• **DATA TO USE**:
>>>
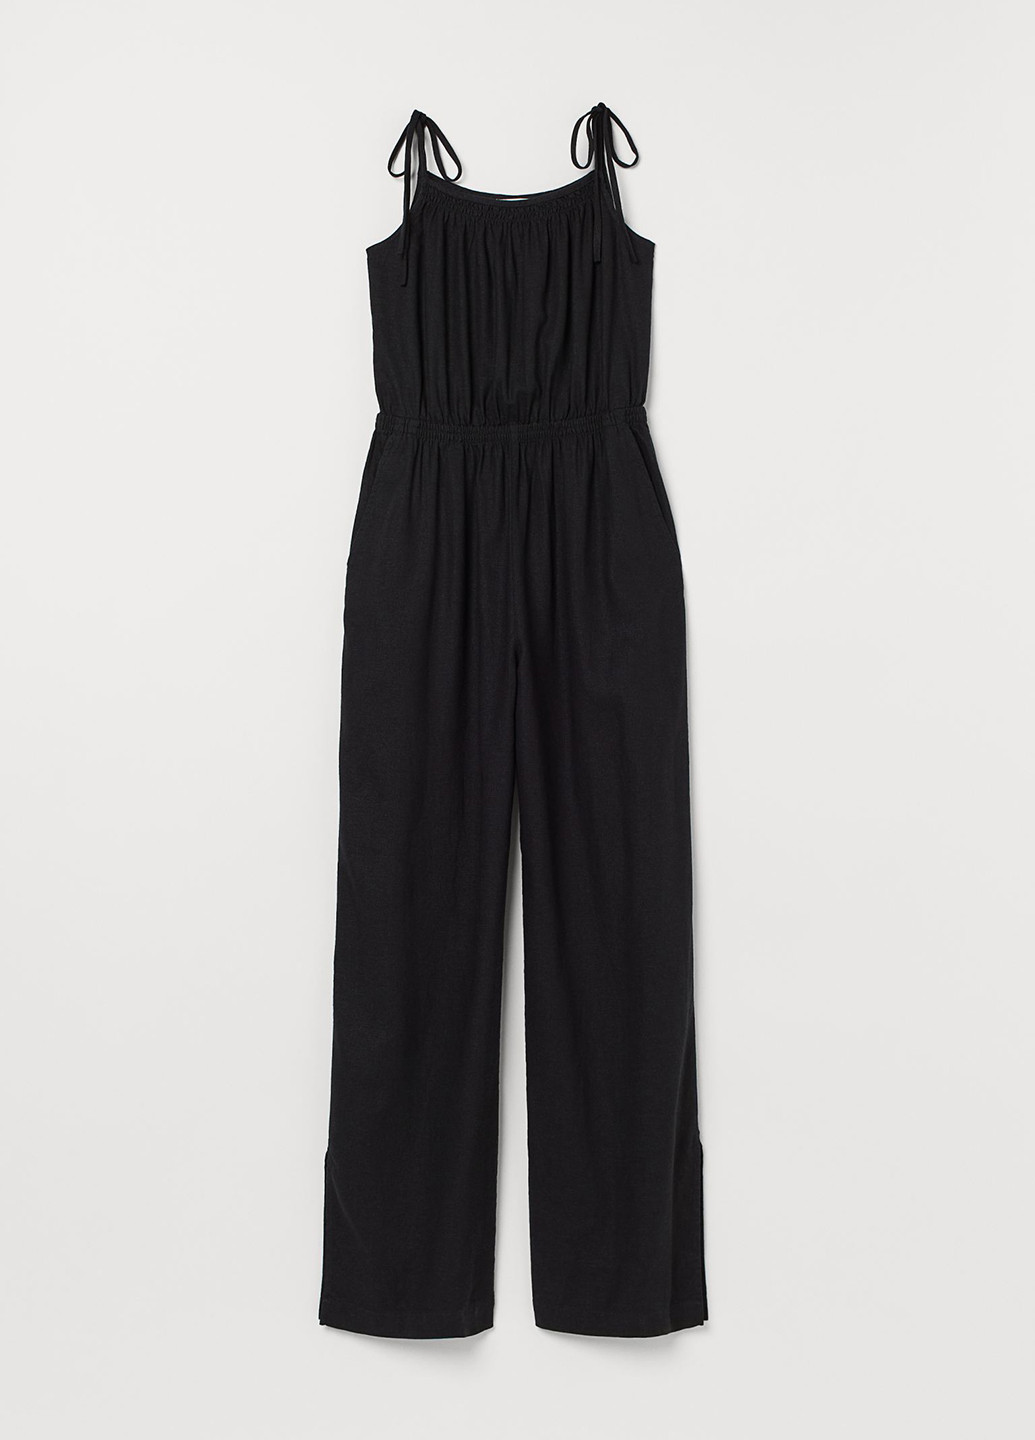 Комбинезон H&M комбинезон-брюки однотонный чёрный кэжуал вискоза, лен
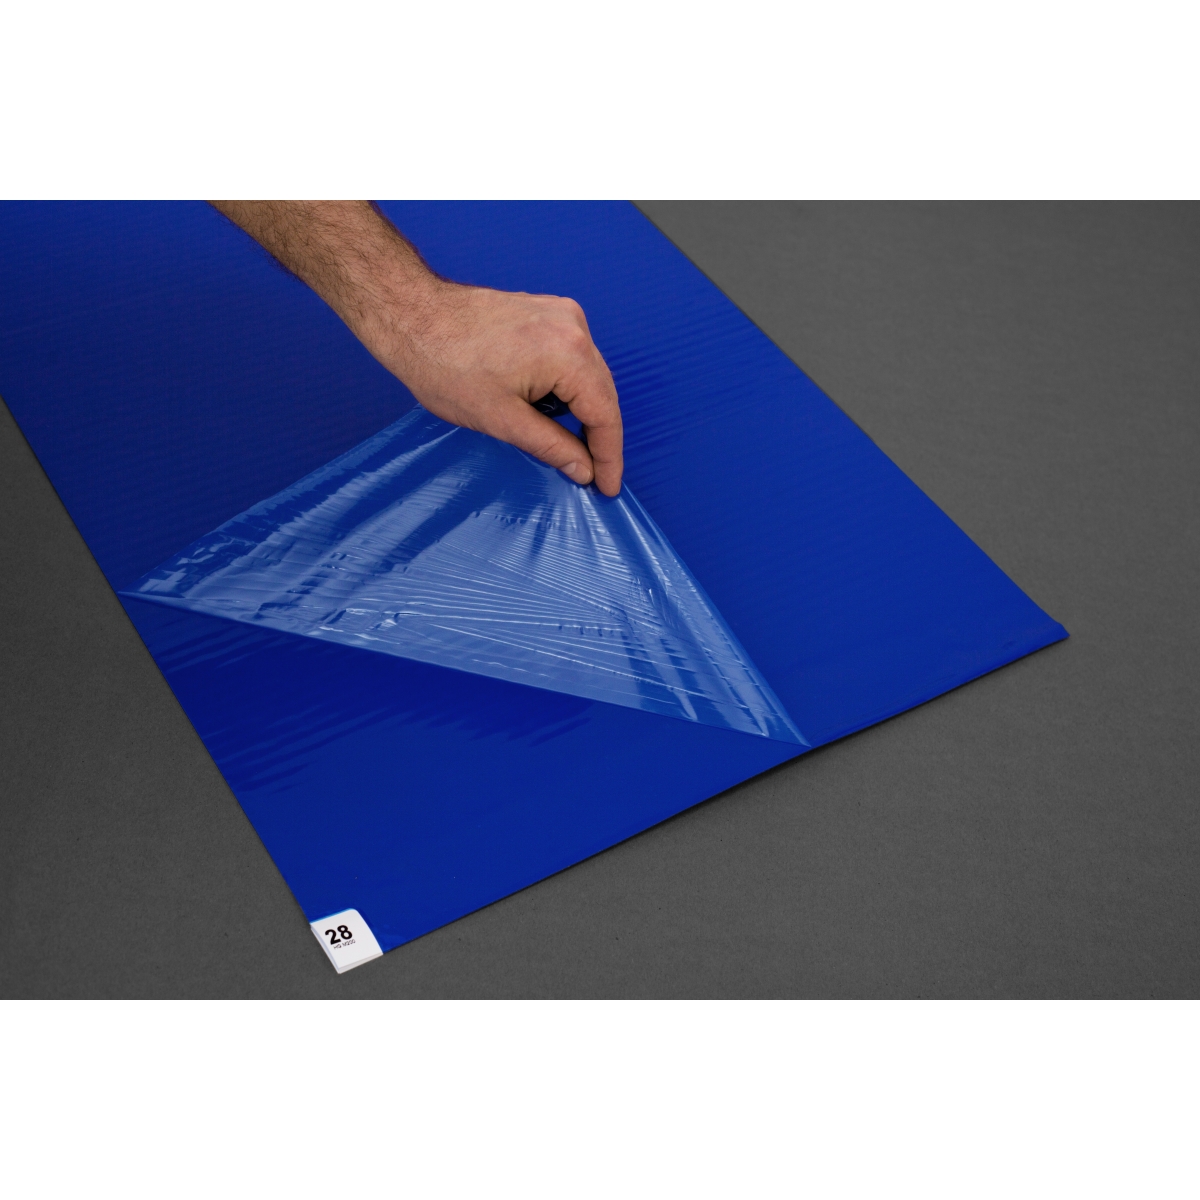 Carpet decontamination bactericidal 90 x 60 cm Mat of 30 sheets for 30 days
<<<
>>>
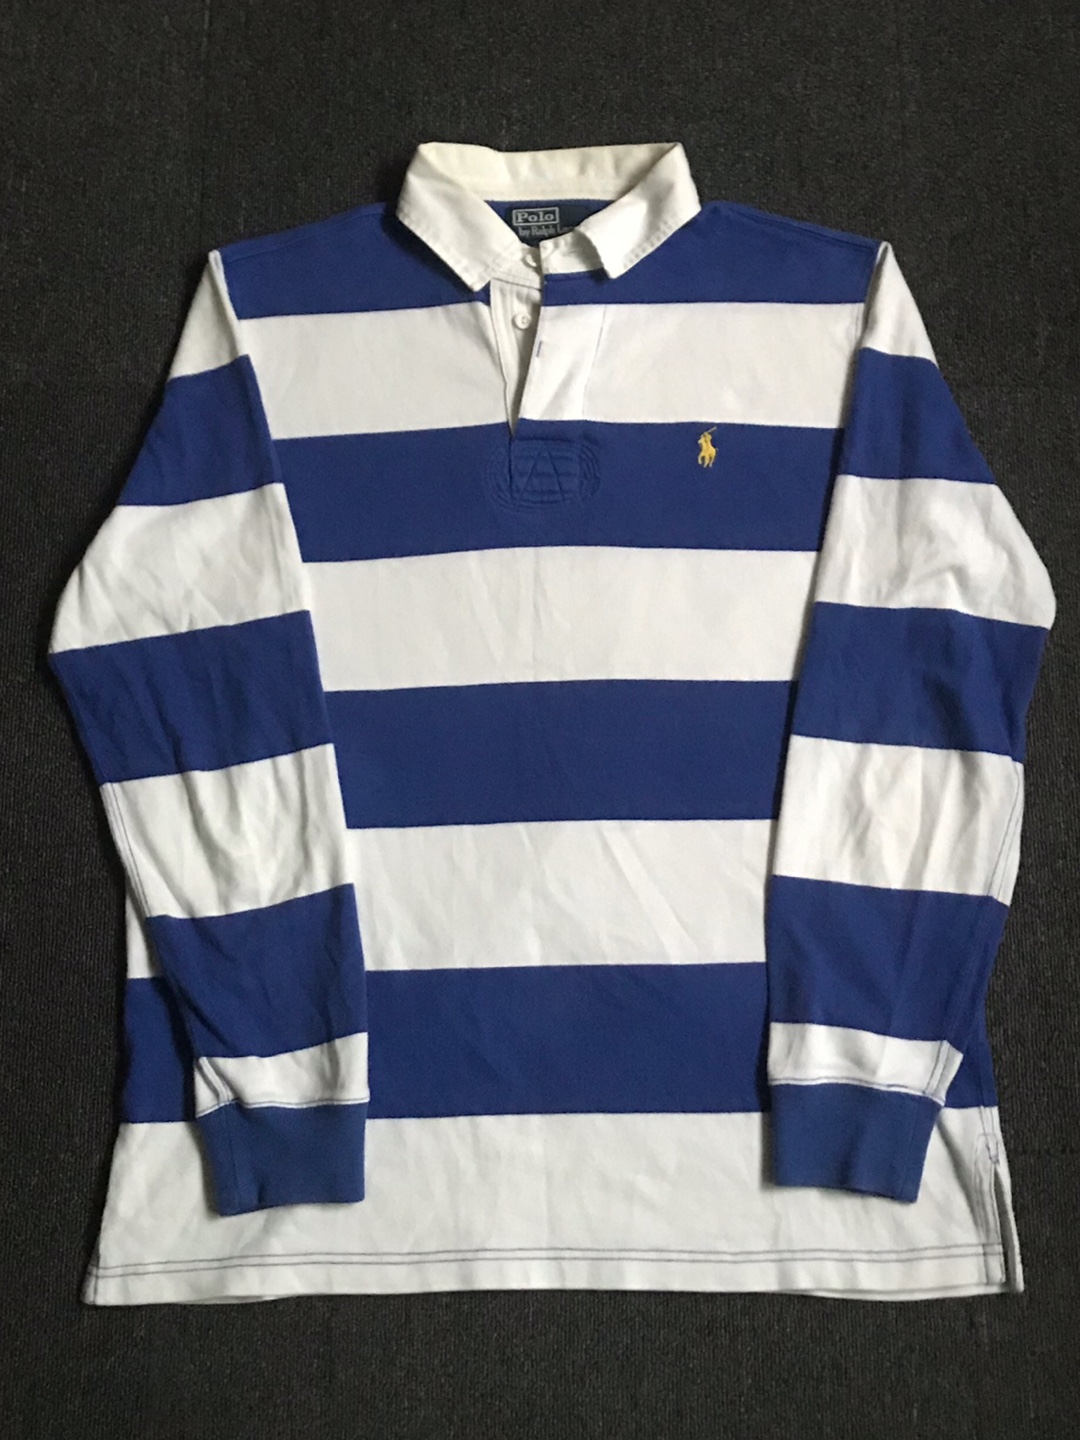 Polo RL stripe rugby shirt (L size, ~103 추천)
<<<
>>>
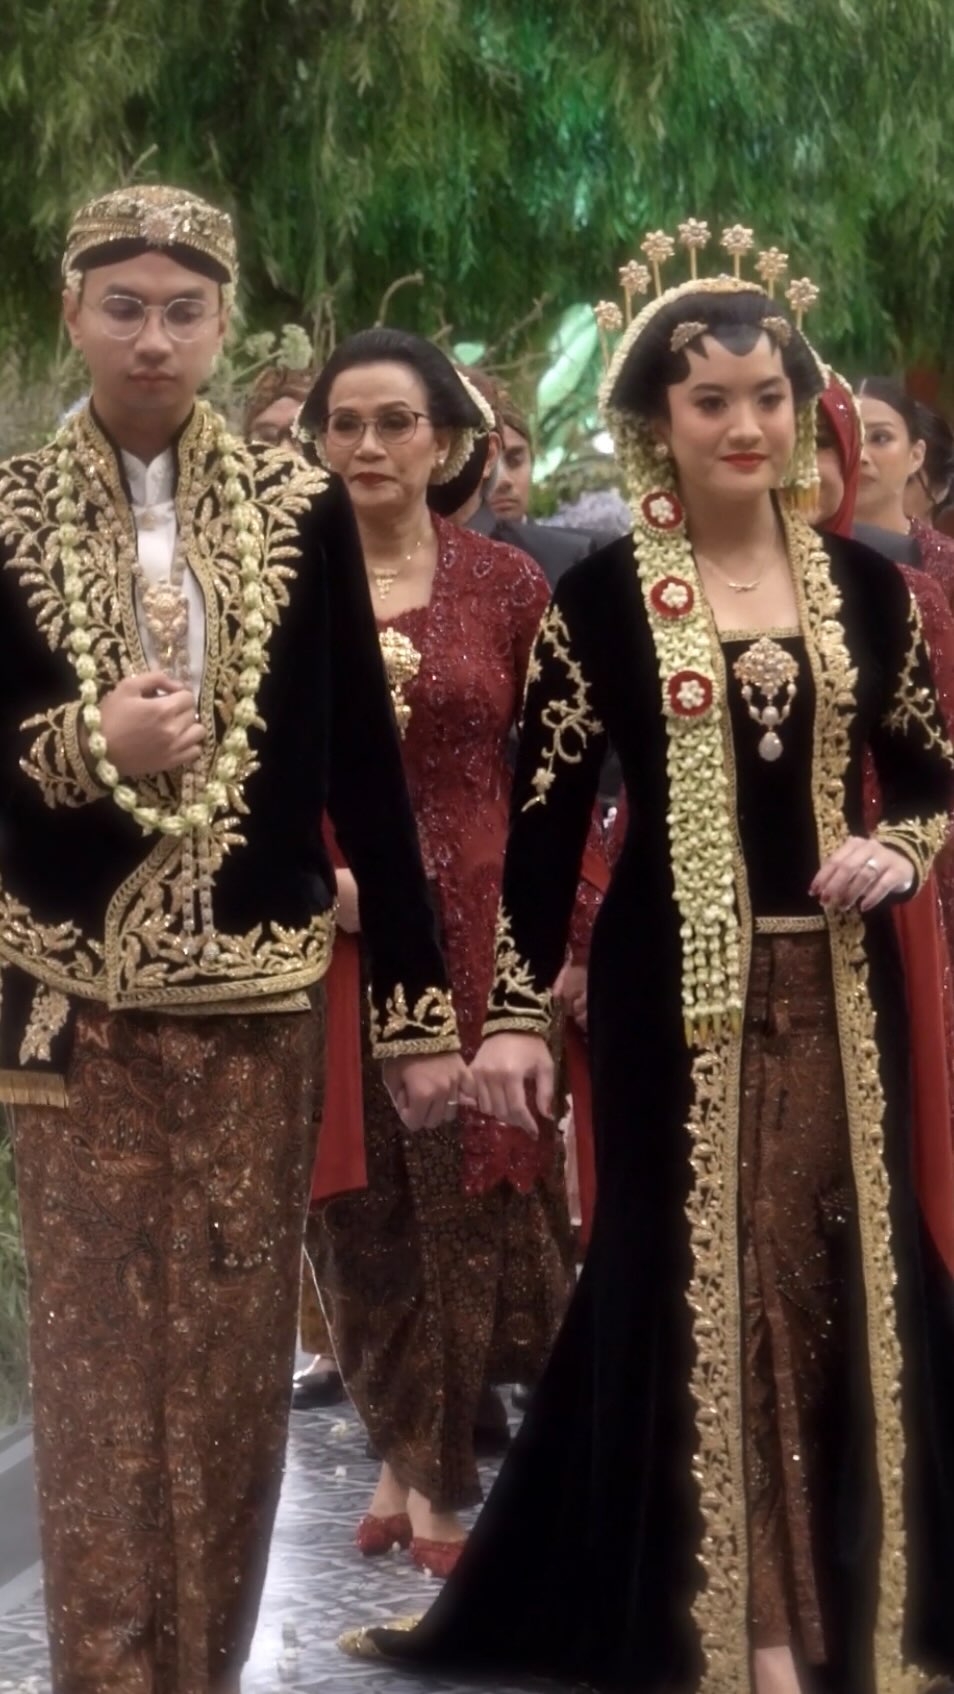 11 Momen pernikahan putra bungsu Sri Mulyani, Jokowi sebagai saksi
<<<
• **WHAT THE TASK ASKS**:
Return only the stretch above from the line containing "Комбинезон H&M комбинезон-брюки" through the line containing "Carpet decontamination bactericidal", word for word and without pictures.

• **PROBLEM SOLUTION**:
 Комбинезон H&M комбинезон-брюки однотонный чёрный кэжуал вискоза, лен
 Carpet decontamination bactericidal 90 x 60 cm Mat of 30 sheets for 30 days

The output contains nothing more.